For a unit vector $v \in \Bbb R^n$, consider the projection $P_v$ on $v$, defined by $P_v(x)=(x \cdot v)v$. Let $A$ be a positive symmetric matrix. Find the maximal value of $\lambda \in \Bbb R$ so that $A - \lambda P_v \succeq 0$.
(Hint: If $c_1,...,c_n$ are the eigenvalues of $A-\lambda P_v$ with $c_1 \geq \cdots \geq c_n$, then we must have $c_n=0$.)
(For a symmetric matrix $A$, we write $A \succ 0$ if all the eigenvalues of $A$ are positive, and we write $A \succeq 0$ if all the eigenvalues of $A$ are nonnegative.)
I have two questions.
I think that we should regard $A-\lambda P_v$ as an $n \times n$ matrix, where $P_v$ is represented by the standard basis. Then is it true that $P_v$ is symmetric?
I cannot understand the hint. Why should we have $c_n =0$?
$P_v$ is always symmetric.
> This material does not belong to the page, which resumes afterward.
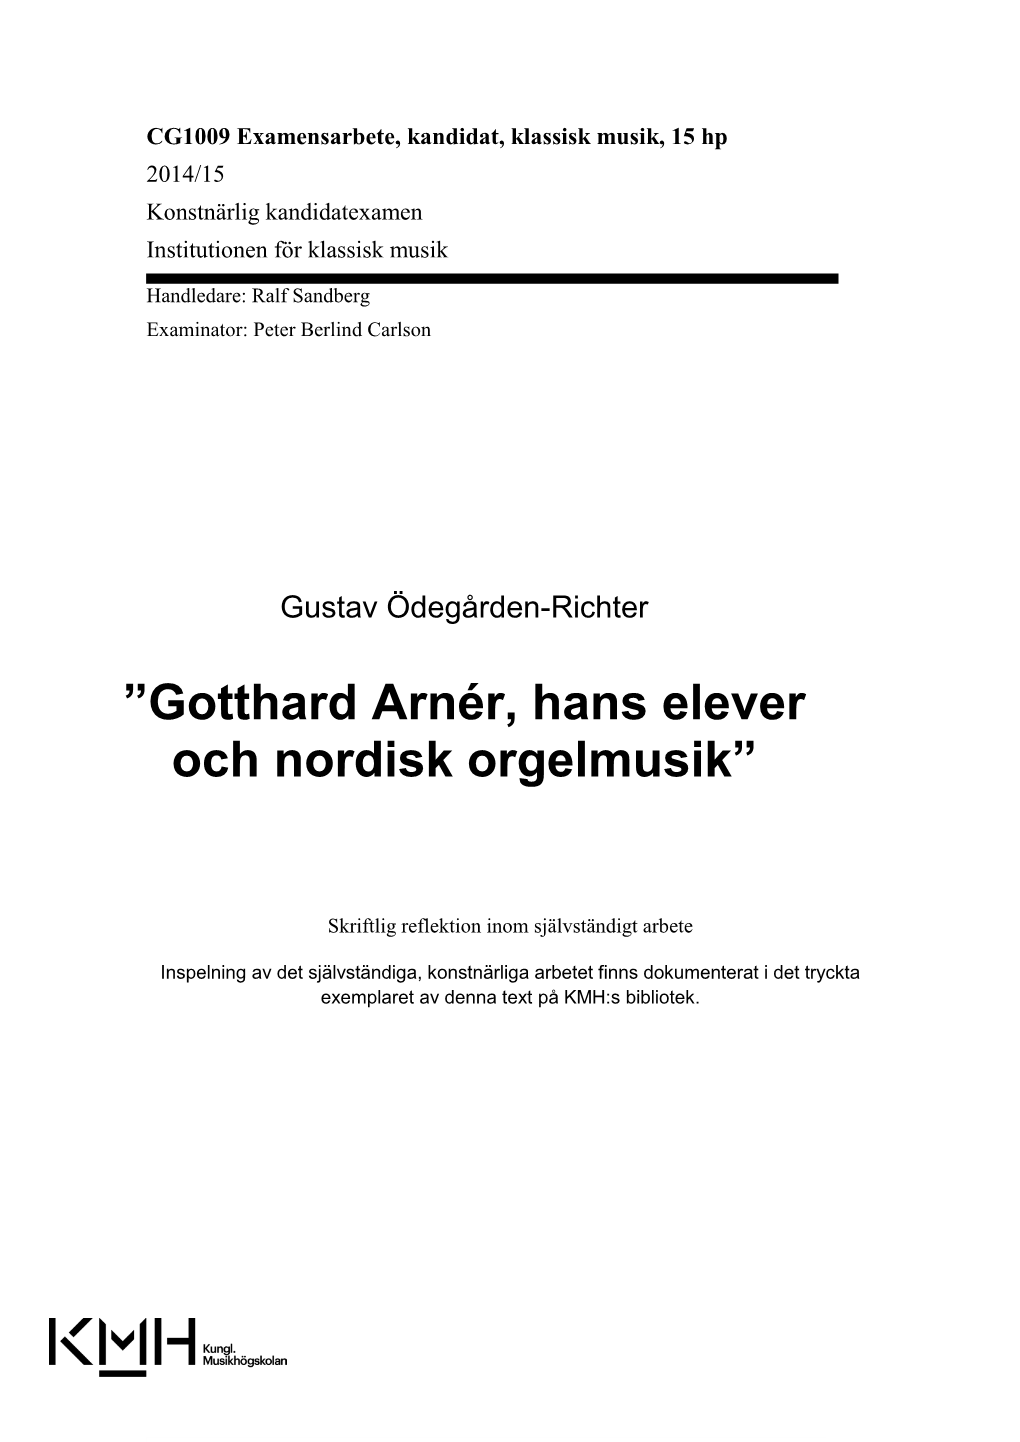 CG1009 Examensarbete, Kandidat, Klassisk Musik, 15 Hp 2014/15 Konstnärlig Kandidatexamen Institutionen För Klassisk Musik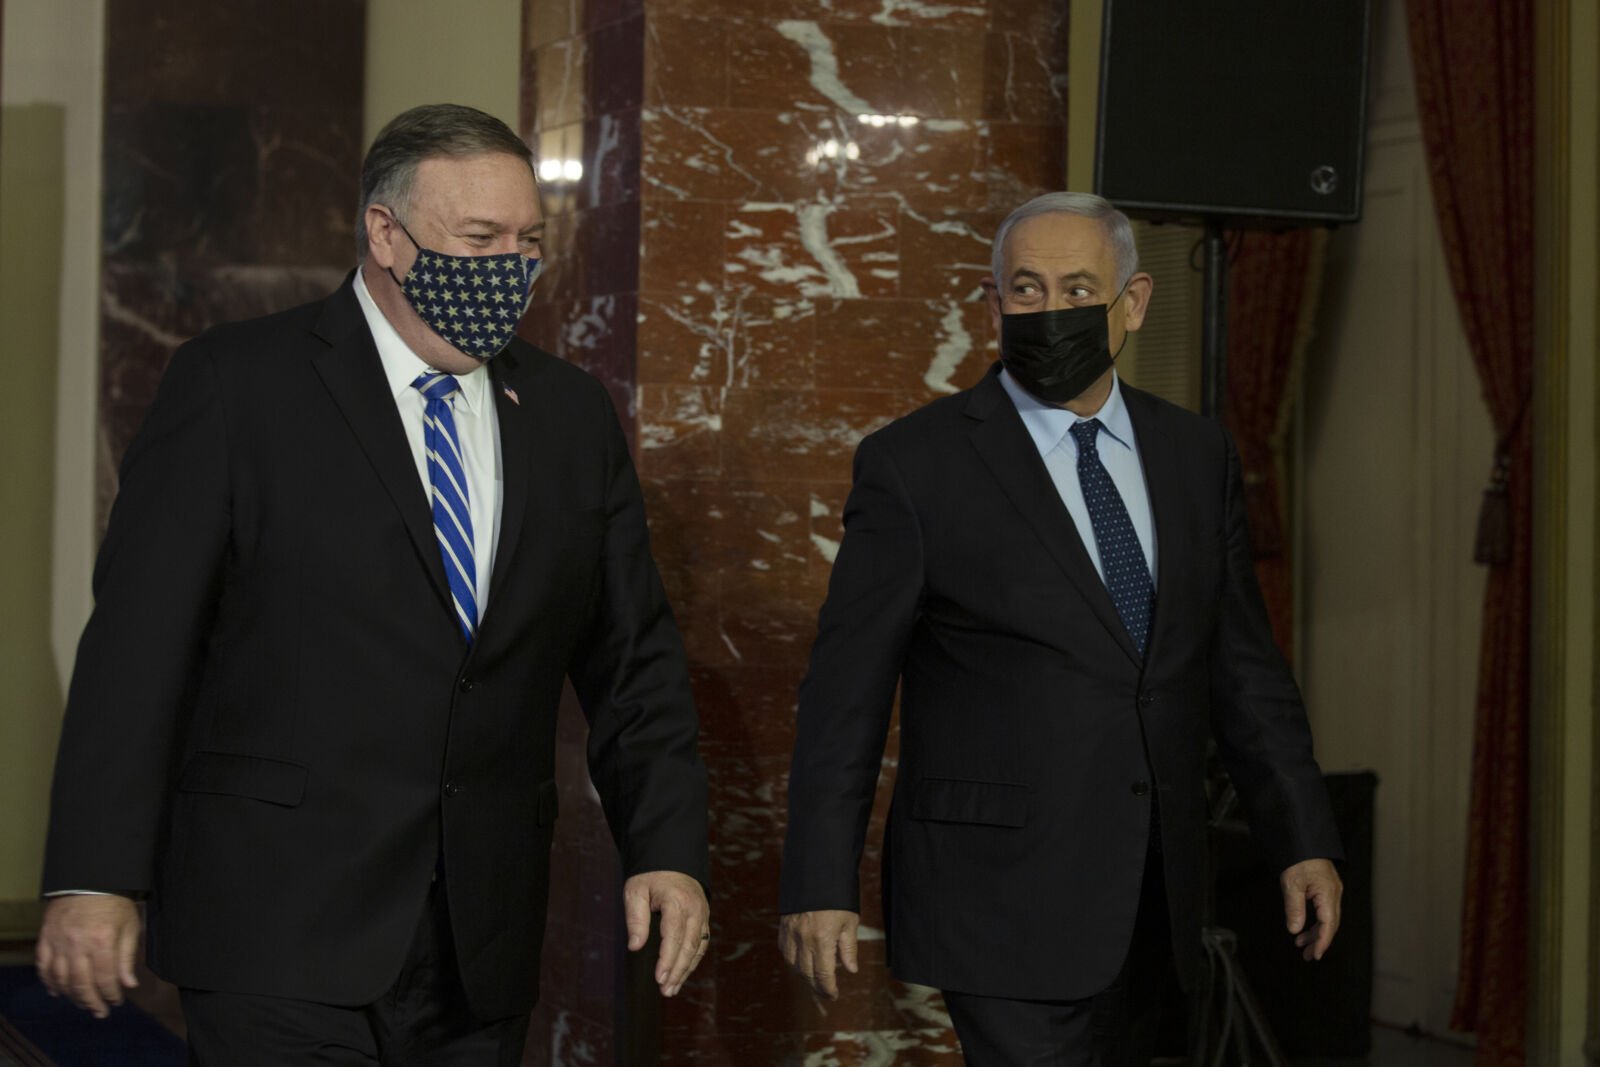 מזכיר המדינה האמריקאי מייק פומפאו (משמאל) עם רה"מ בנימין נתניהו, ירושלים, 9.11.2020 (צילום: מאיה אלרוזו)

It can be written as $P_v = v\cdot v^T = P_v^T$. The difference of a symmetric matrix is always symmetric, i.e we can build a normal basis of eigenvectors with real eigenvalues.
The hint gives you the following idea: Let $c_1$ to $c_n$ be the EVs of $A-\lambda P_v$ and let the smallest eigenvalue $c_n$ be positive. Let $v$ be in some form associated with the eigenvector to $c_n$, the smallest eigenvalue. So a change in $\lambda$ will have an influence on $c_n$. It will only decrease $c_n$, if you increase $\lambda$. So we can reach a better target value (maximum of $\lambda$) while still having a positive semi-definitve matrix.